The SSH host key has changed on 8 April, 2022 to this one: SHA256:573uTBSeh74kvOo0HJXi5ijdzRm8me27suzNEDlGyrQ
Sources of the site gergely.polonkai.eu, Jekyll version
You can not select more than 25 topics Topics must start with a letter or number, can include dashes ('-') and can be up to 35 characters long.
 
 
 
 
 
gergelypolonkai-web-jekyll/content/blog/mastodon-database-hickup.rst

169 lines
6.8 KiB

Mastodon database hickup
########################
:date: 2020-04-23T11:17Z
:category: blog
:tags: postgresql,mastodon
:url: blog/mastodon-database-hickup/
:save_as: blog/mastodon-database-hickup/index.html
:status: published
:author: Gergely Polonkai
After being online for almost a year, my `Mastodon instance <https://social.polonkai.eu>`_ is back
up. However, it wasn’t as straightforward as i wanted it to be.
About a year ago my Mastodon server went down. I messed up my docker images big time and the
then-new version 2.8.4 didn’t want to start up. I left it there, and as i had a pretty rough year
(in the good sense) i didn’t have time to bring it up again.

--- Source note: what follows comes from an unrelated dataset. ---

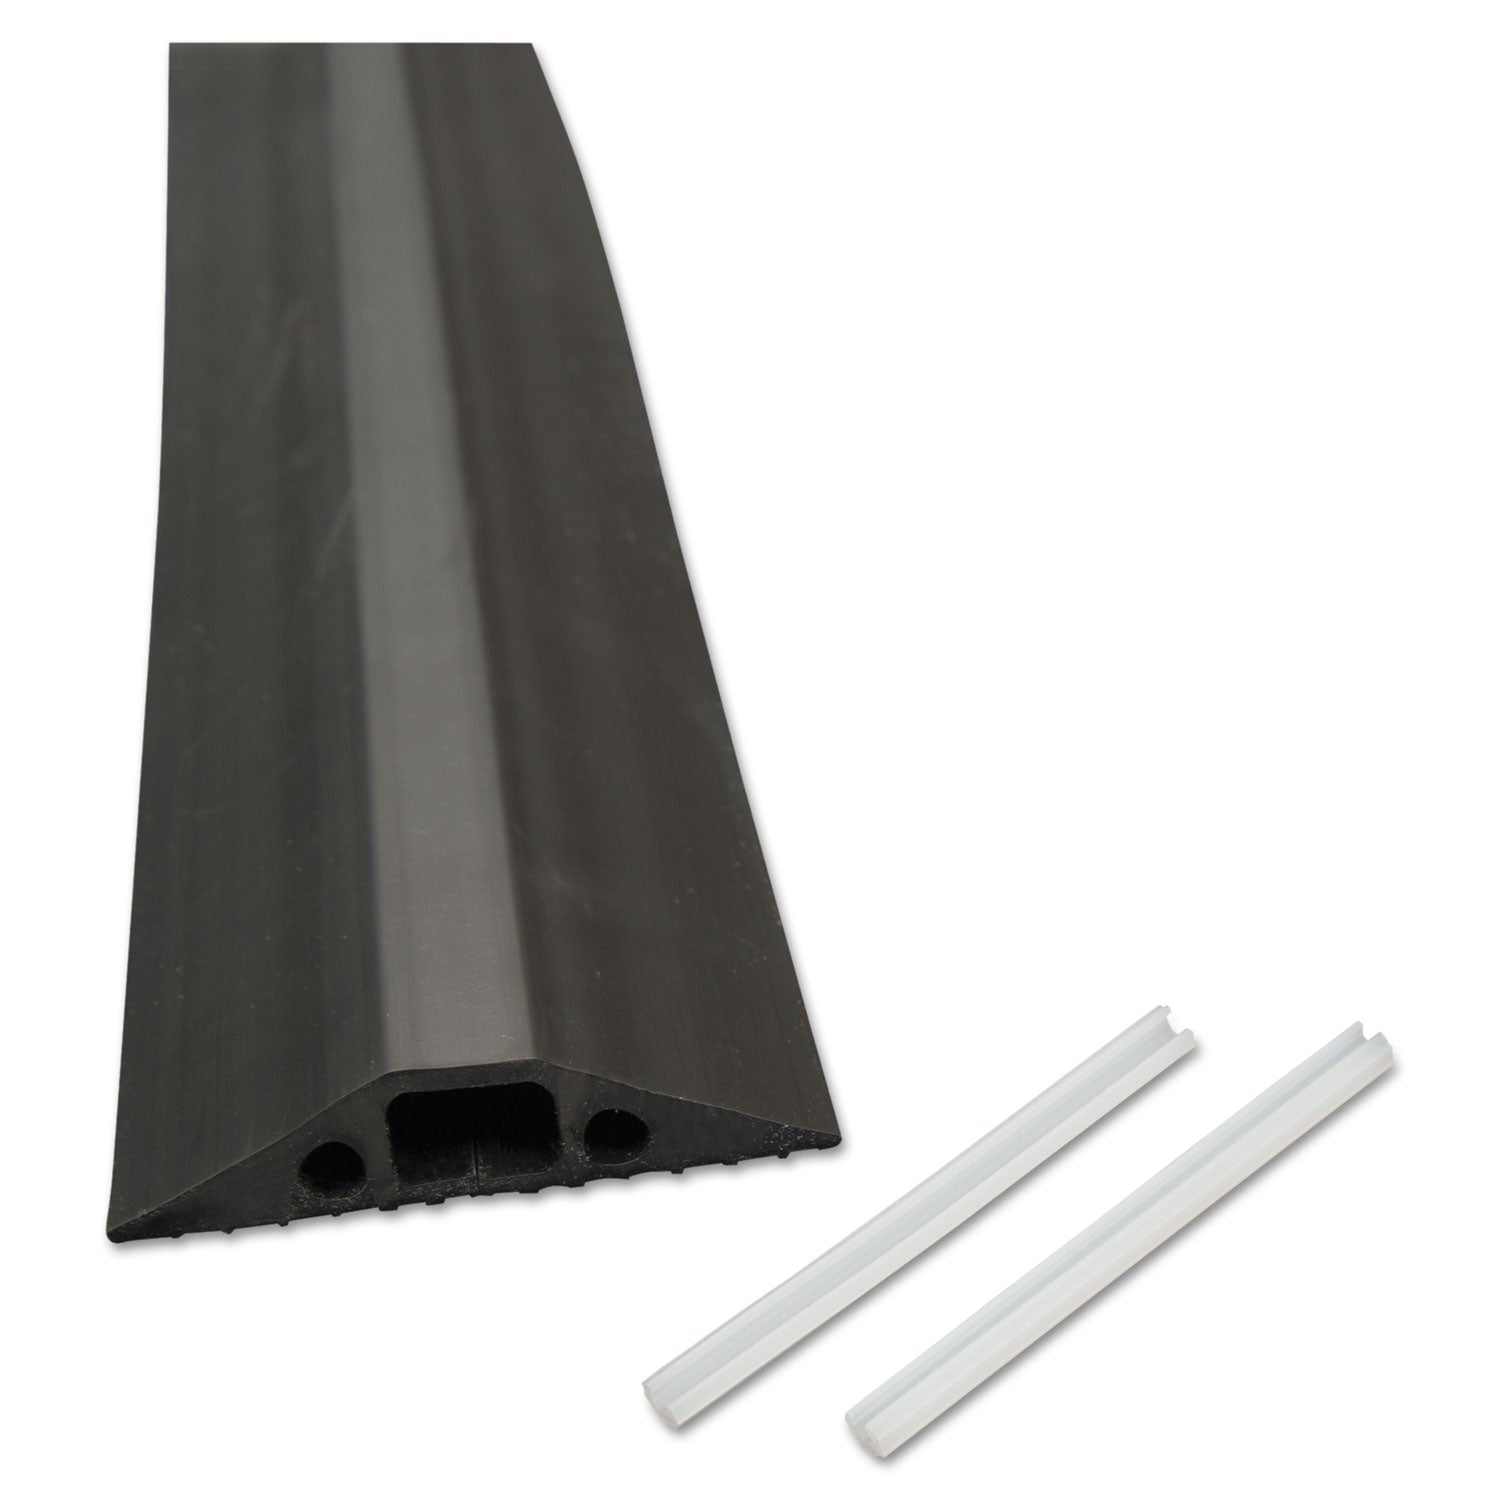 Medium-Duty Floor Cable Cover, 2.75 x 0.5 x 6 ft, Black -

One of the constant problems i had with this instance is the size of the attachment directory. It
easily grew to an enormous size in no time, so i had to constantly clean things up. Plus, it took
away the precious space away from my other projects. So my first move was moving all these files
to a DigitalOcean Space; with the ``awscli`` Python package it was easy as pie. If you want to do
it, too, i followed `this article
<https://angristan.xyz/2018/05/moving-mastodon-media-files-to-wasabi-object-storage/>`_.
Next came the database.
I tried to load the database dump, created using ``pg_dump -f mastodon.sql mastodon``, with
``psql -f mastodon.sql``. Everything went fine, all the records created, except this error
message:
.. code-block:: text
psql:mastodon-dump.sql:1691661: ERROR: could not create unique index "index_tags_on_name"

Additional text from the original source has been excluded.